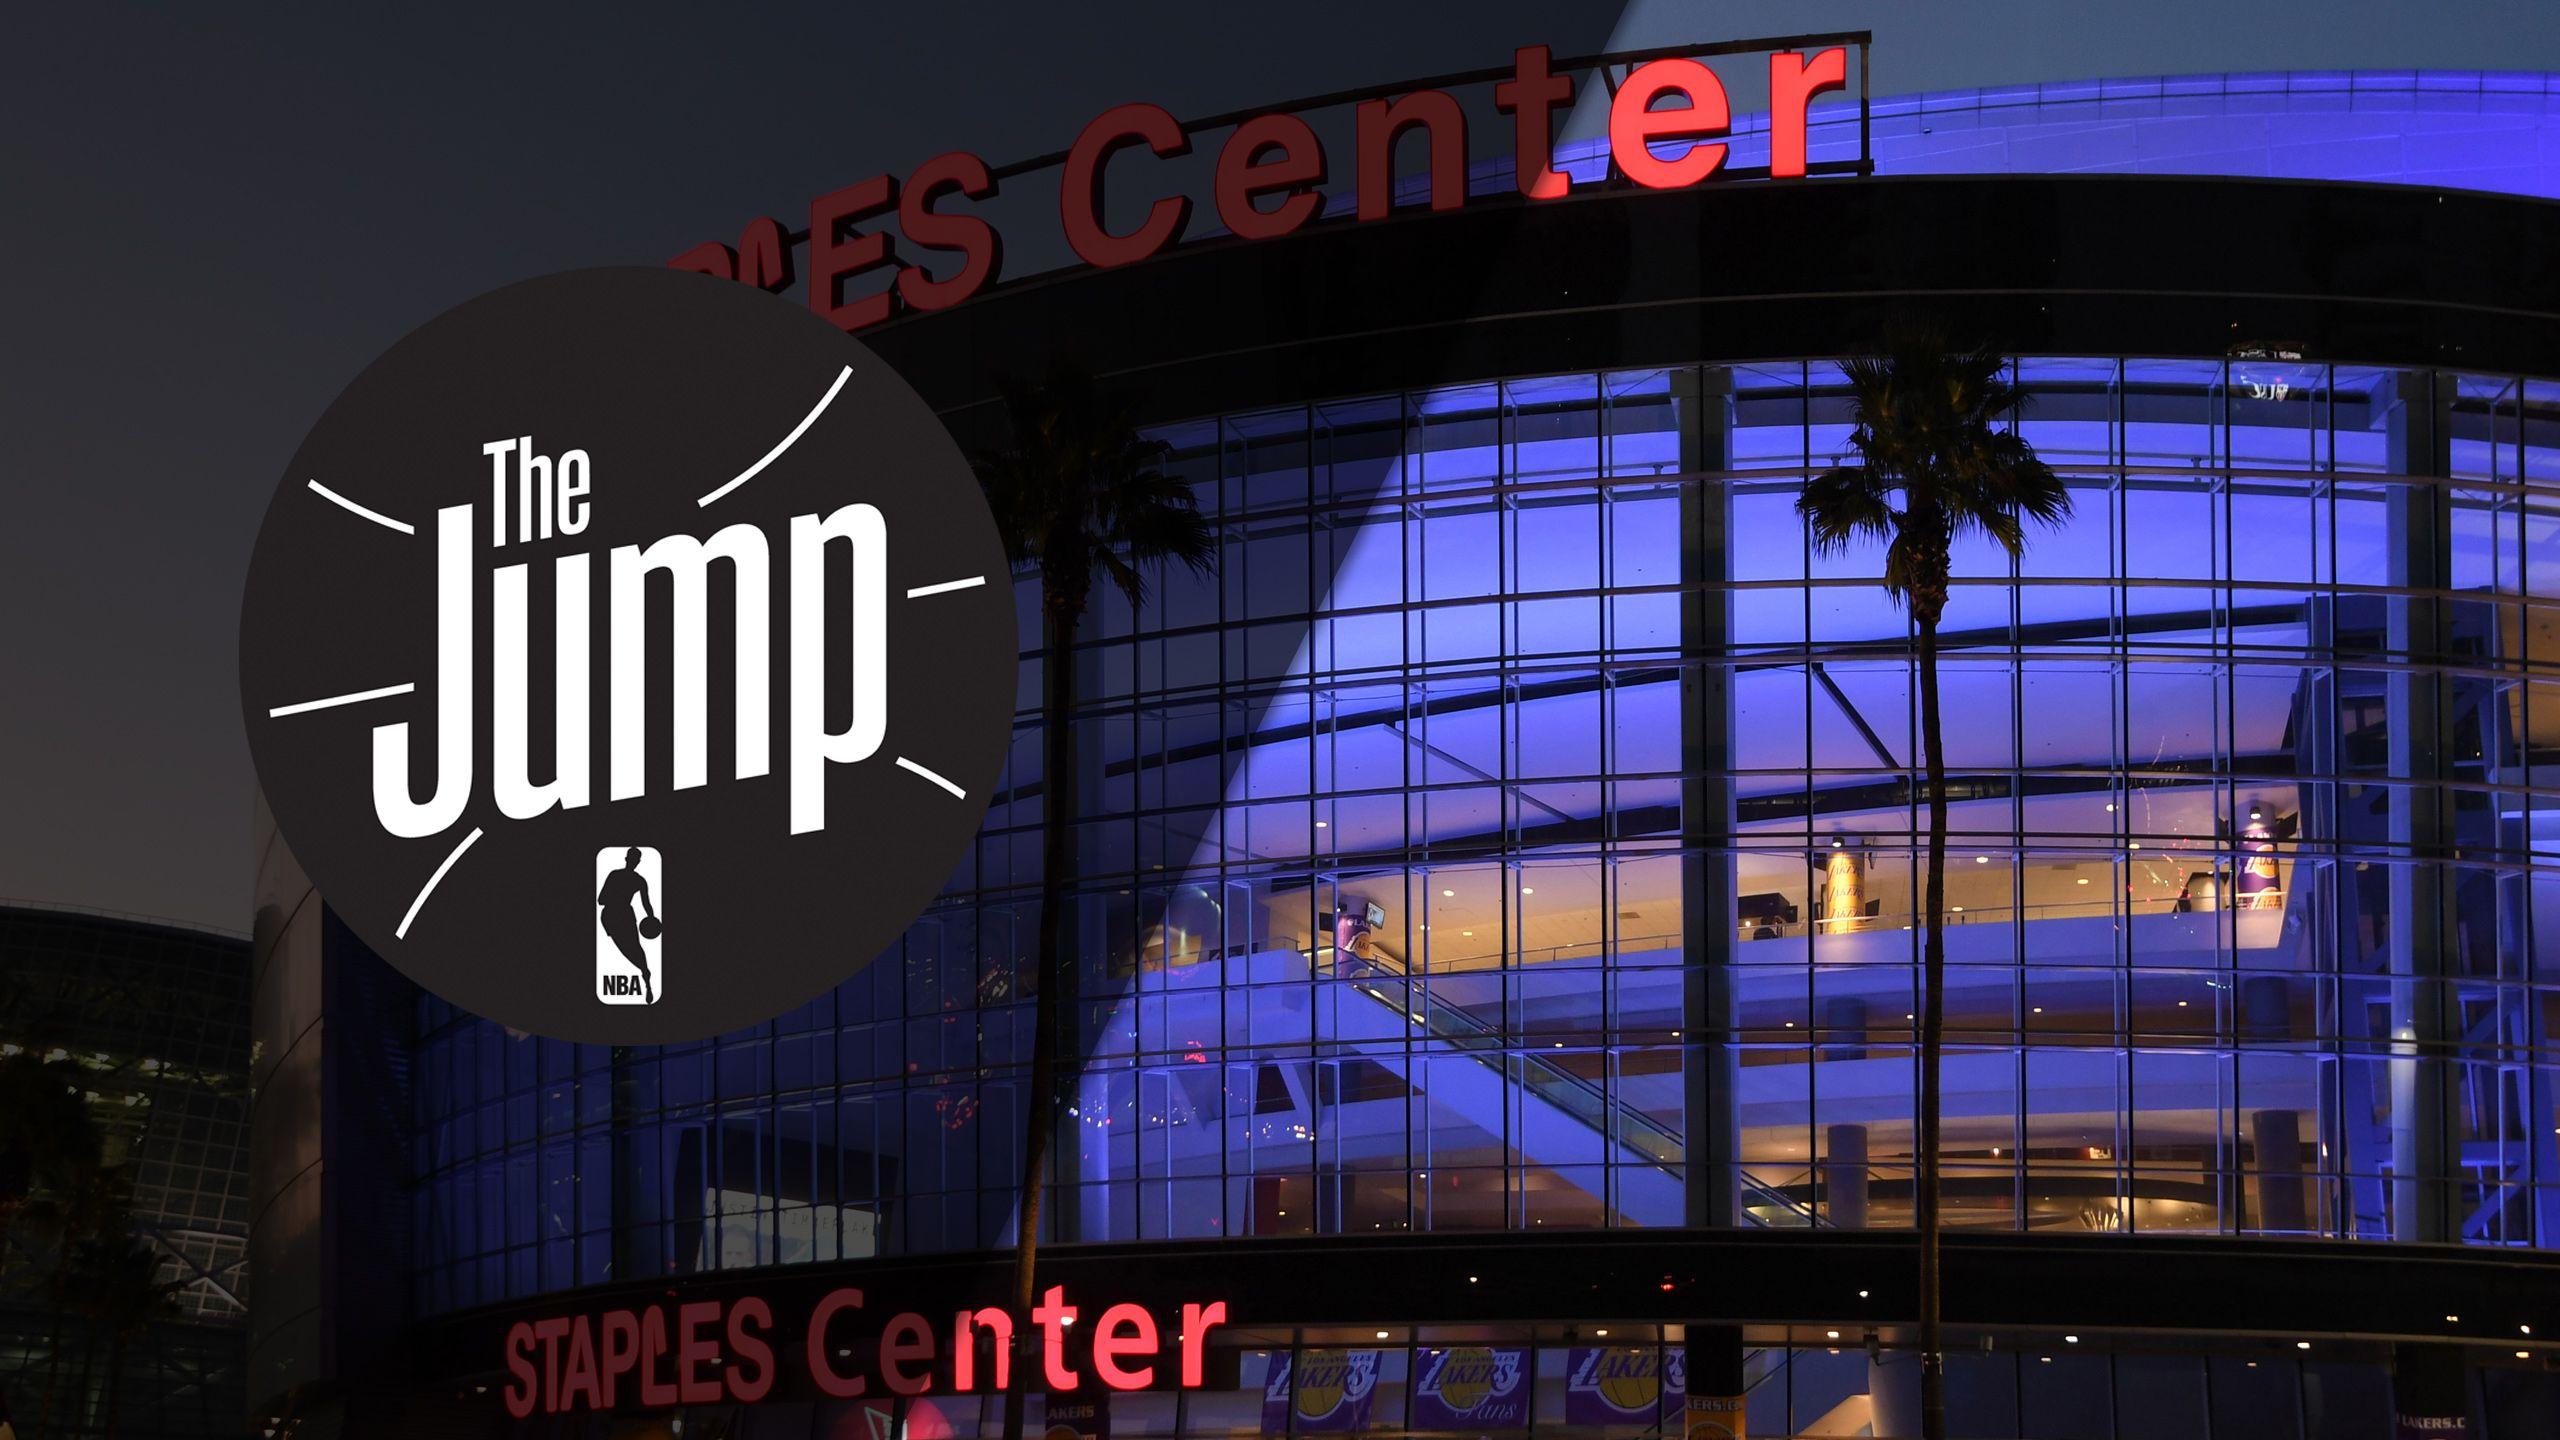 Thu, 2/15 - NBA: The Jump
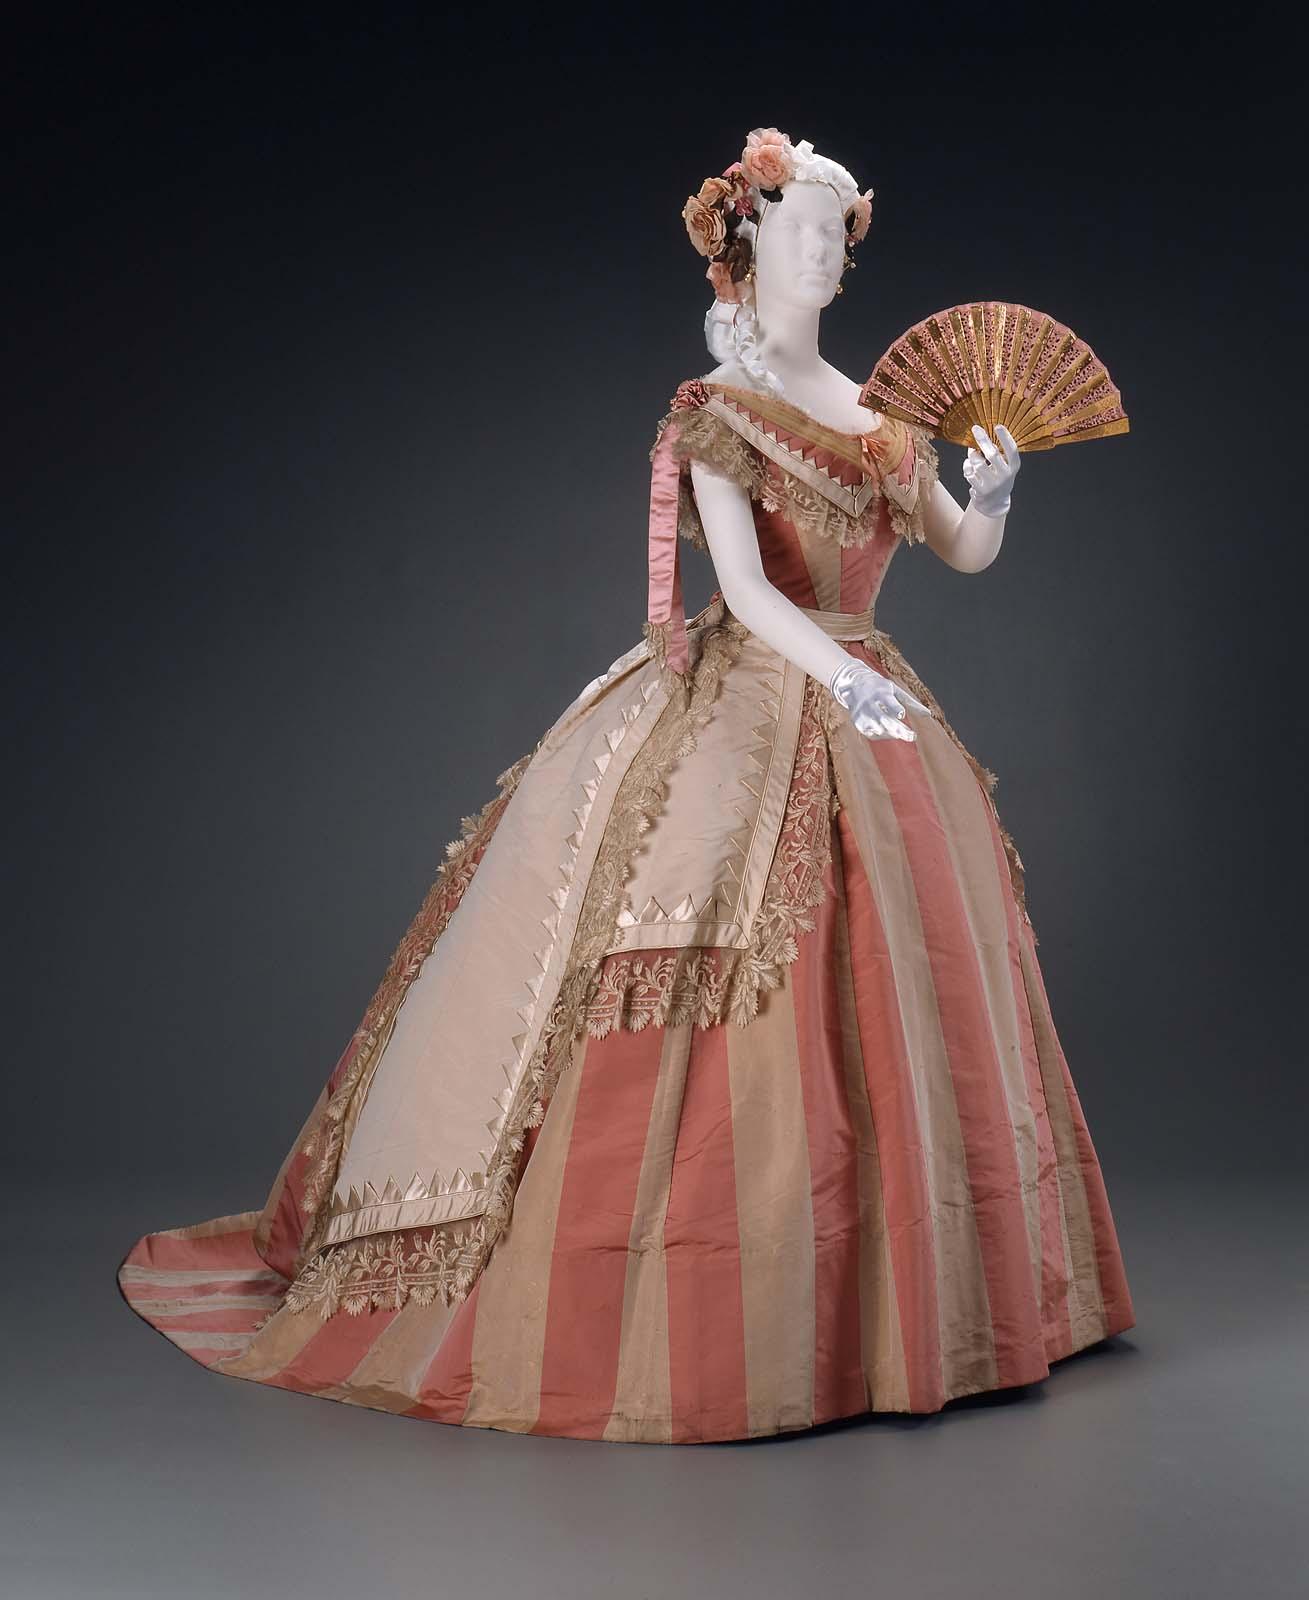 بالصور فساتين فرنسيه قديمه , ازياء وموديلات فستان رقيق 1094
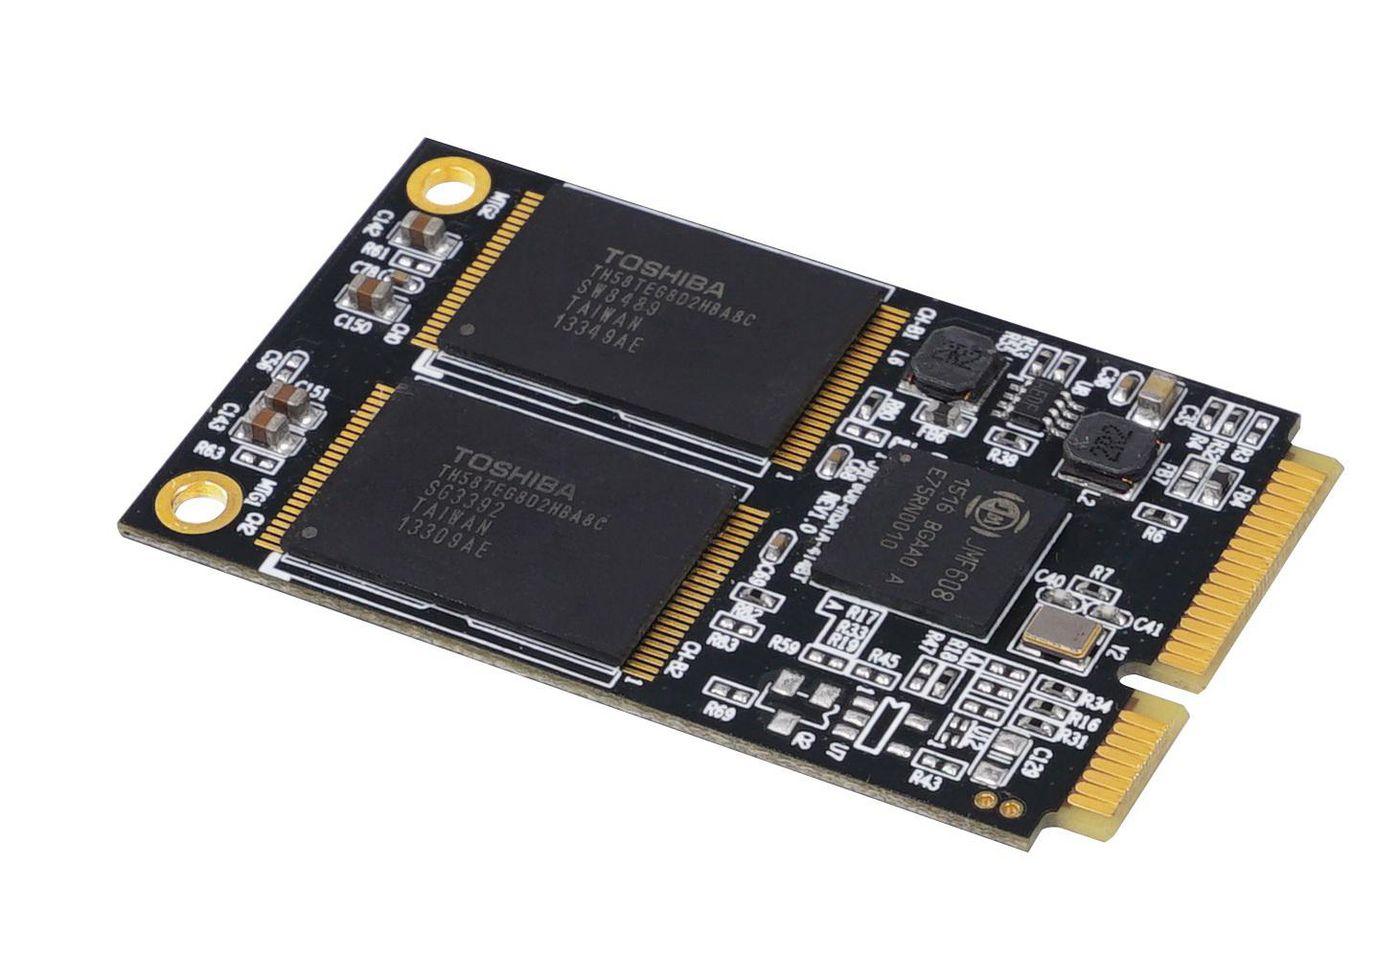 CoreParts MSACSC4M256MSA mSATA 256GB MLC SSD SATA III

********************

* TASK
Please restate the material word for word; the pictures stay out.

* ANSWER AREA
 Thu, 2/15 - NBA: The Jump
 بالصور فساتين فرنسيه قديمه , ازياء وموديلات فستان رقيق 1094
 CoreParts MSACSC4M256MSA mSATA 256GB MLC SSD SATA III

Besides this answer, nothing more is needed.